Tuesday, October 28, 2008

Power of Preaching Today

There is an assault today on the art and practice of preaching in many churches. I have felt called to preach for a few years now and in my time in Seminary developed a love for not only the delivery of sermons but a deep appreciation for receiving the Word. I was blessed to be able to hear great men of God who were set apart in such a unique way by God for the proclamation of His Word.

In my time since graduating Seminary, I have had the chance to preach several times and have come to a deep love of the preparation and study necessary to stand boldly in a pulpit and speak on behalf of God to God's people God's eternal message. I have also seen a diminished view of preaching in many churches, where the emphasis has gone from the Word read and the Word proclaimed to worship being grounded in experience. This I believe is an outgrowth of the postmodern movement which seeks to ground truth in experience and that revelation and proclamation are to be placed more in the background.

The importance of Christian preaching is found in the person of God and His self-revelation to His people. God did not reveal Himself to us visually or tangibly, He is not seen or felt (counter this with a postmodern approach to worship being about experience and the visual stimulation of the stained-glass projector screen). Instead, God spoke. He speaks and Creation comes to pass, He speaks and His Law is inaugurated, He speaks and the sinner is redeemed. We speak because He has spoken (thank you Dr Mohler for your book on this subject), and our message is not innovative or new but is grounded in the words that have stood for eternity.

There is nothing new under the sun, and the minister of God should not seek to find an innovative way to proclaim God's Word, because the ordained method in Scripture is the human voice speaking to the people out of a biblical text seeking to proclaim Truths that demand a response. The Holy Spirit does the work of conviction and redemption in the ears and hearts of the hearers, it is not the responsibility of the preacher to egg on or lead or "develop and environment" of response, that is the Spirit's work.

I love preaching, I love hearing good preaching. I listen to good sermons while I work, it helps motivate me to put in more effort to strain for godliness. But I can only listen to sermons that are biblically-driven, exegetically organized, and expositing the biblical text. Those are the sermons that are true to the Jude 3 faith handed through the ages. We as pastors must always seek to lean entirely on the text for organization, application, and meaning. Preaching that does not call for an application and change of living is not Christian preaching, because we are to come away from the hearing of the Word with the question "How then shall we live?" and the sermon must be direct for a call of changed living and ethics and repentance for people to heed, as the message is not from the preacher but from God.

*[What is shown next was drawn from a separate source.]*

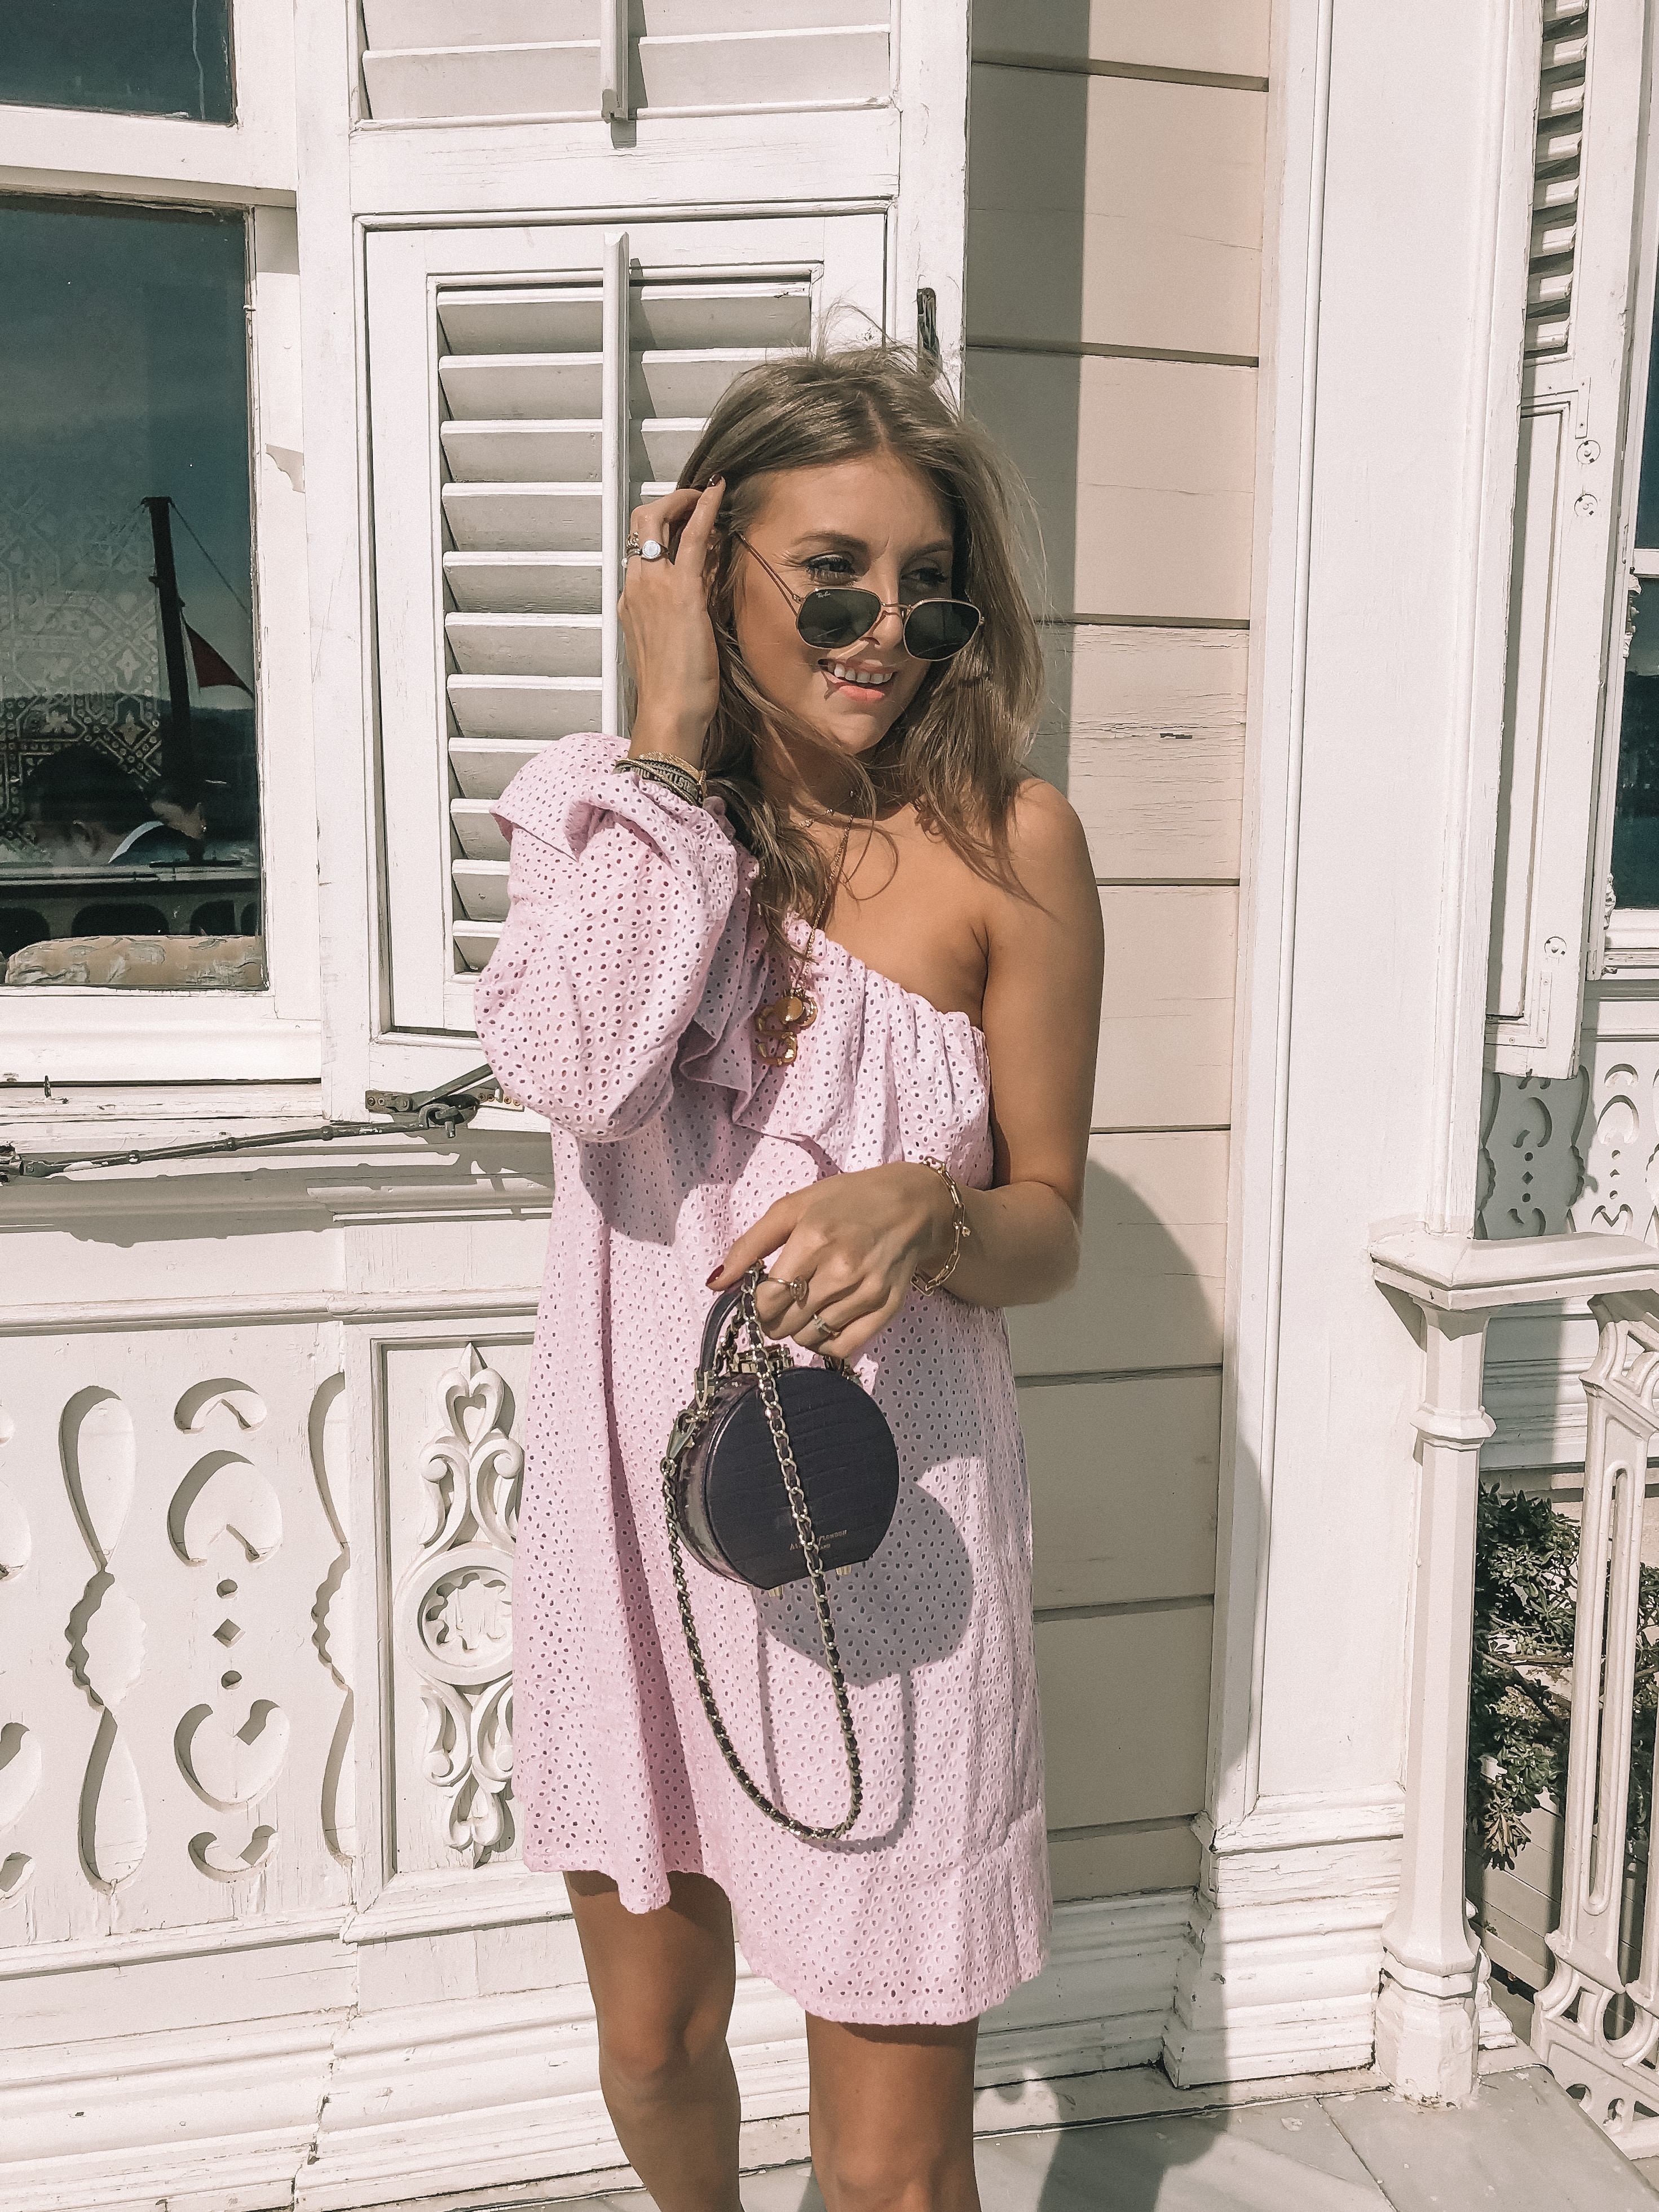 Vero Moda Istanbul - Outfit Diaries - Vero Moda Pink Dress

The church must always hold the preaching and proclamation of the Word as the central point and emphasis of any corporate gathering for worship. Anything else is un-Christian, and we must never forsake the preaching of the Word for the sake of "innovation" or "adapting to the times" or "because there's too much of it." The church that moves away from the primacy of preaching moves itself closer to a church that does not reflect the radiant Bride she was intended to be.

Pray for preachers, pray for your pastor that he would be emboldened to speak the Word freely, with passion and conviction, with truth and love, fidelity and devotion to the text, with the purpose of edifying the saints and calling for sinners to repent, Christians to cleave to Christ, and for those who hear him to say "God is at work in this place."